Adair - The Destruction of Everything Is the Beginning of Something New (Cover Artwork)
Staff Review

Adair

The Destruction of Everything Is the Beginning of Something New (2006)

Warcon


Oh boy. I'm going to do two reviews for this one. The first one will save you the trouble of reading the second, I assure you. The second review, I'm writing for a select group of people, those unable to discern awful music from anything remotely worthwhile. In any event, without any further adieu, here's review number one.

This line was taken directly from the press sheet: "Taking their moniker from a book of baby names…"

Now, for the second review.

Take the word cliché, copy, paste, and repeat until desired result is achieved. This fourth-rate Hawthorne Heights isn't content with just cutting your wrists and blacking your eyes, no sir, they've got to go straight for the jugular. Just take a peek into the liner notes for the lyrics to "I Buried My Heart in Cosmo Park." There's more talk of blood than in a B horror movie. "Slit my throat from the inside, I'll choke on my own blood."

Hey, if that'll prevent him from singing, I'm all for it. And before anyone gets any ideas, I'm using the word singing in a very loose description, because I'm not quite sure what appears on this record can fall into that category of vocal manipulations. The whiny, nasal approach of singer Rob Tweedie is a sound for sore ears, and the sporadic, utterly pointless screaming does not improve matters in the slightest. The musicians here are competent, which, is more than I can say for a few similar bands, but that will only go so far. The song structures are still entirely devoid of value, and the lyrics are just the rat poison on the tope of this rotten cake.

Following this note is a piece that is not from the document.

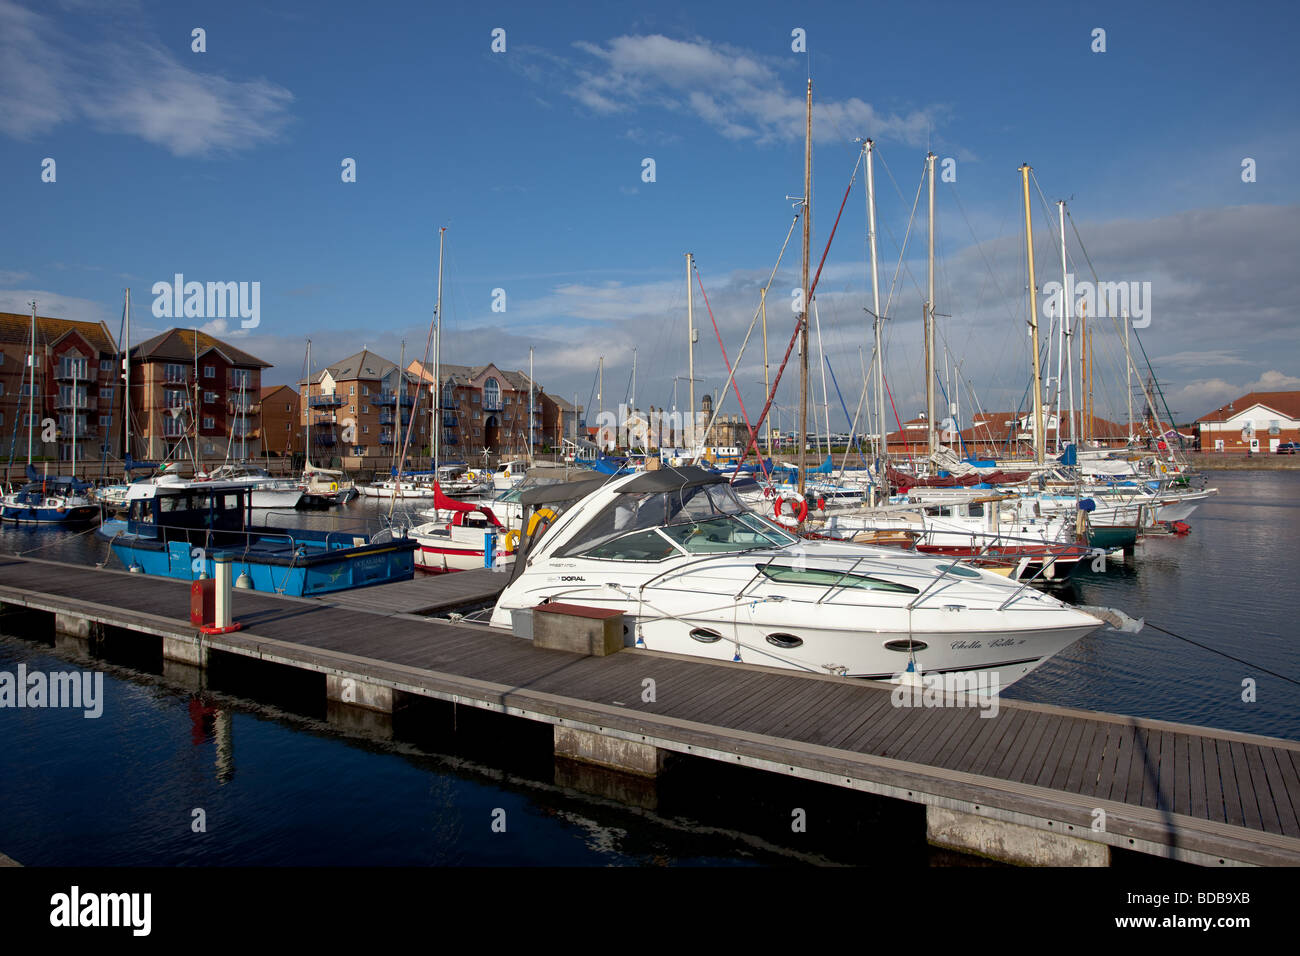 Boats and yachts stored in the Hartlepool Marina Stock Photo

This is my plea to Warcon Records:

Please, please, please release something of merit. I understand the wanting to make a quick buck by flogging a dead horse here, and appealing to a nation full of kids in their girlfriends jeans stealing their moms hairspray, but for the love of God, enough. There are thousands of talented, worthy bands playing in front of 10 people a night while this garbage gets peddled to no end. I know I'm just one guy with a keyboard and soapbox to stand on here, but I assure you there's an extremely large contingent of people sick of the utter garbage polluting underground music. [Ed.'s Note: This is where Aubin steps in to point out the new Helmet album.]